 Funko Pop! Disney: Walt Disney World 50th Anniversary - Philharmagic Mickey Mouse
---
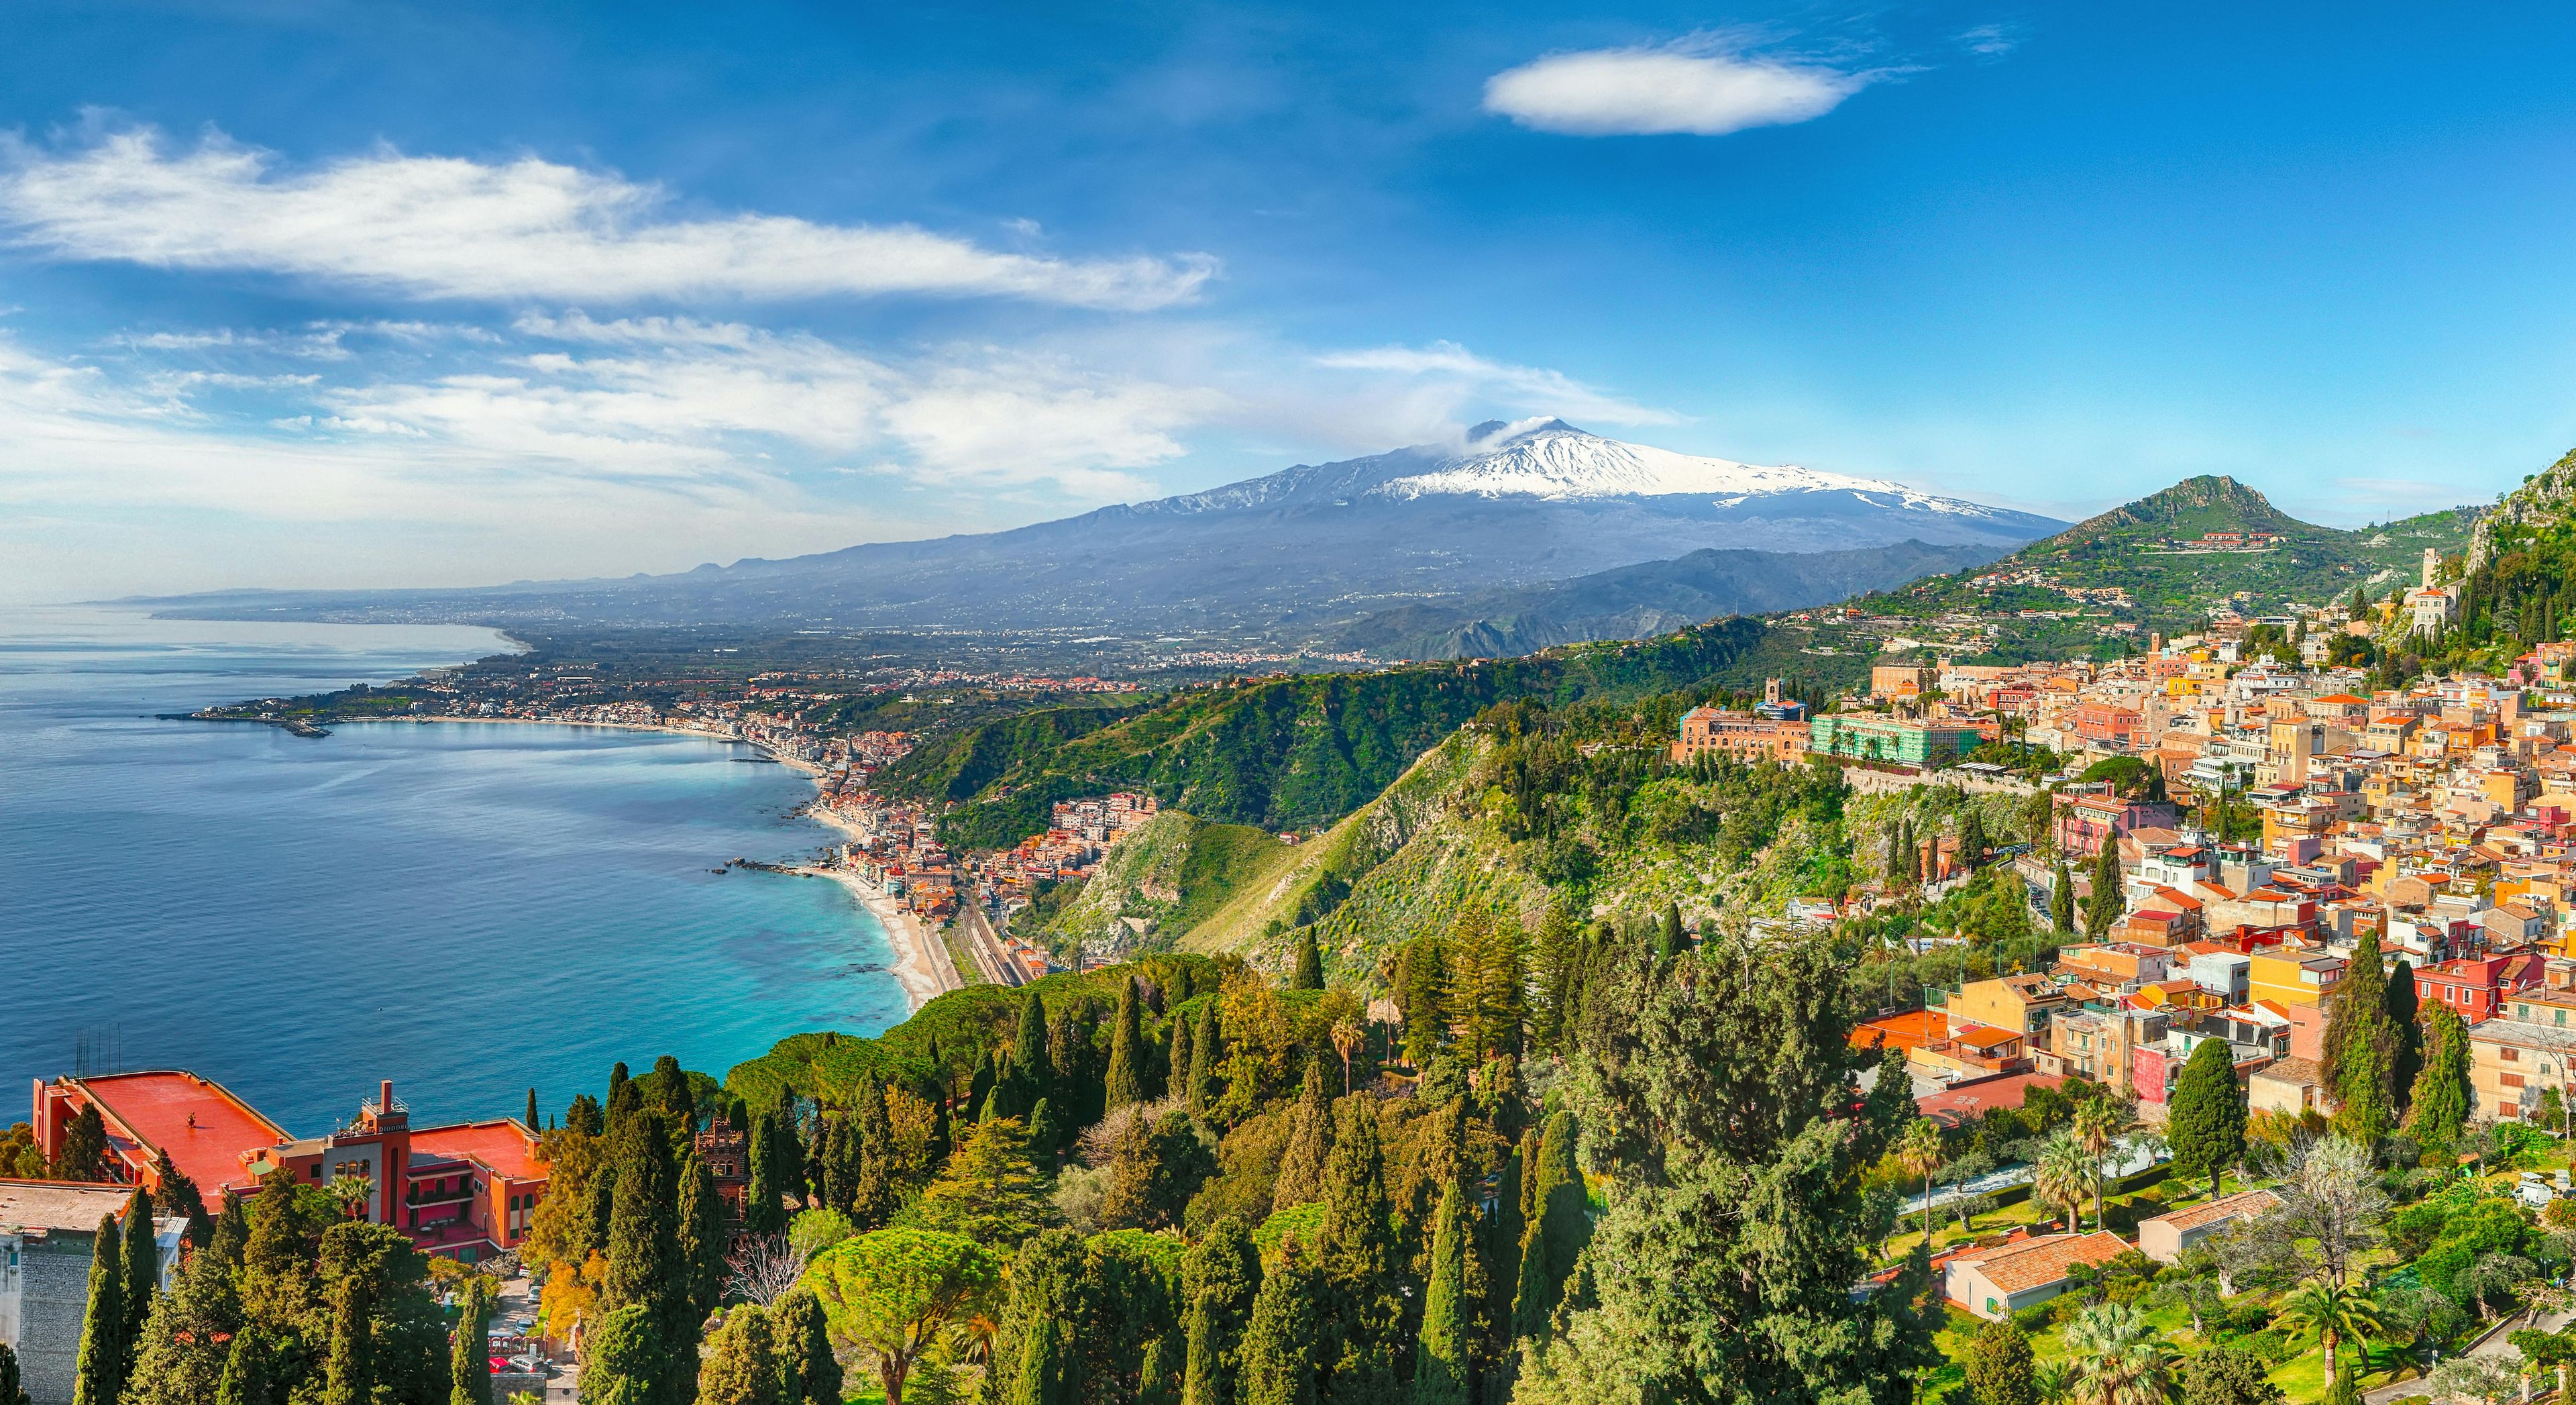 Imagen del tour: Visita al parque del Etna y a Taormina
==
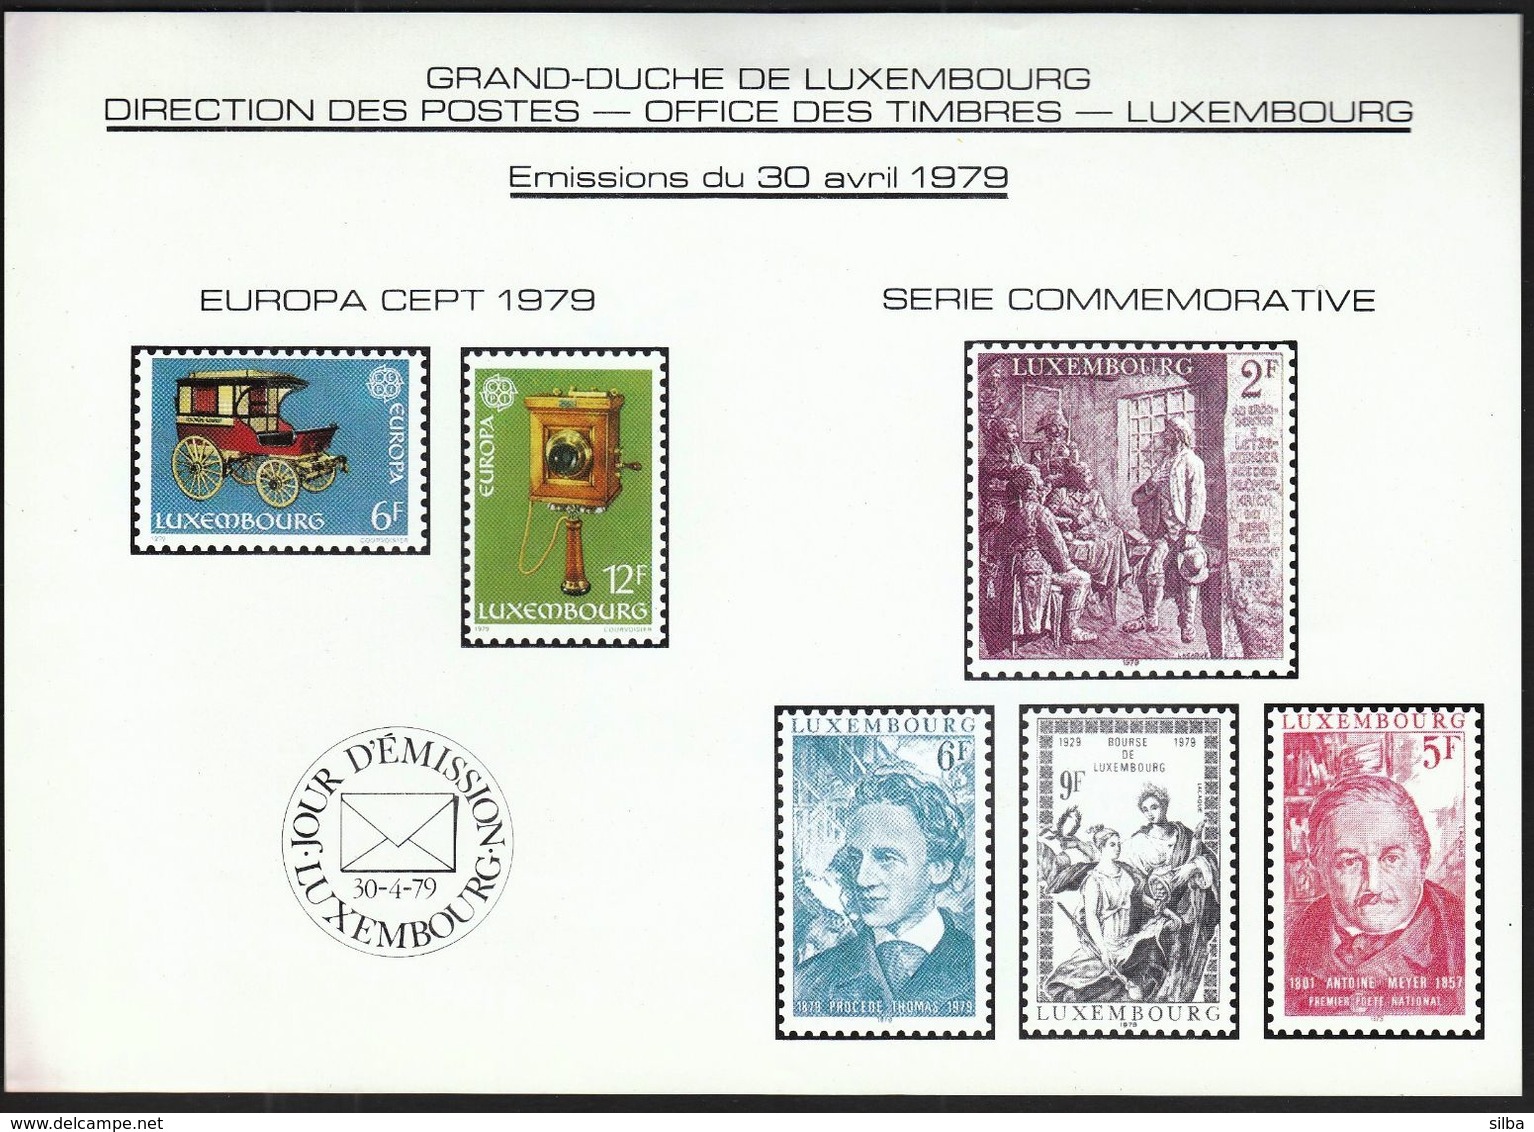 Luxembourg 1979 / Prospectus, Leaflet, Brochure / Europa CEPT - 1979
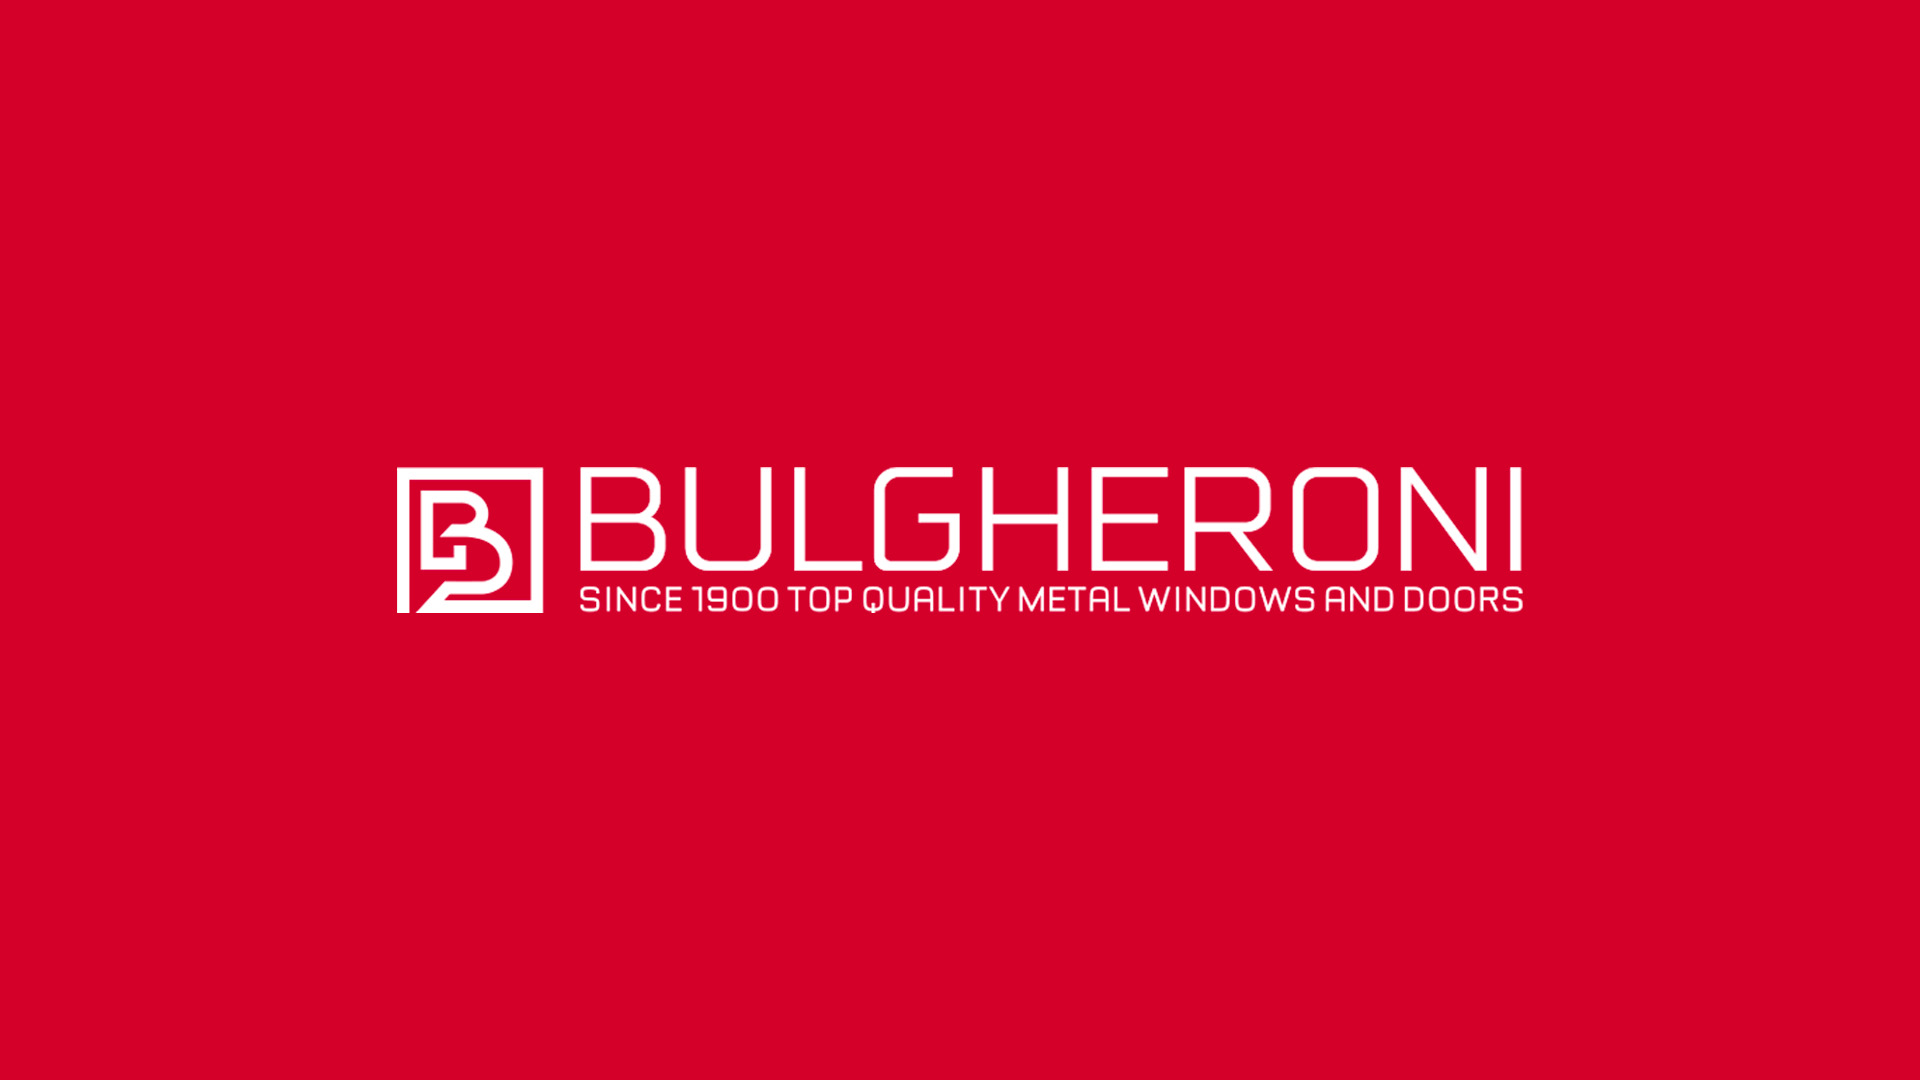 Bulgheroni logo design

> EXERCISE REQUIREMENTS: Taking the entries above, copy word for word the lines from the one with "Luxembourg 1979 /" up to and including the one with "Bulgheroni logo design", without any picture.

> WRITTEN REPLY:
 Luxembourg 1979 / Prospectus, Leaflet, Brochure / Europa CEPT - 1979
 Bulgheroni logo design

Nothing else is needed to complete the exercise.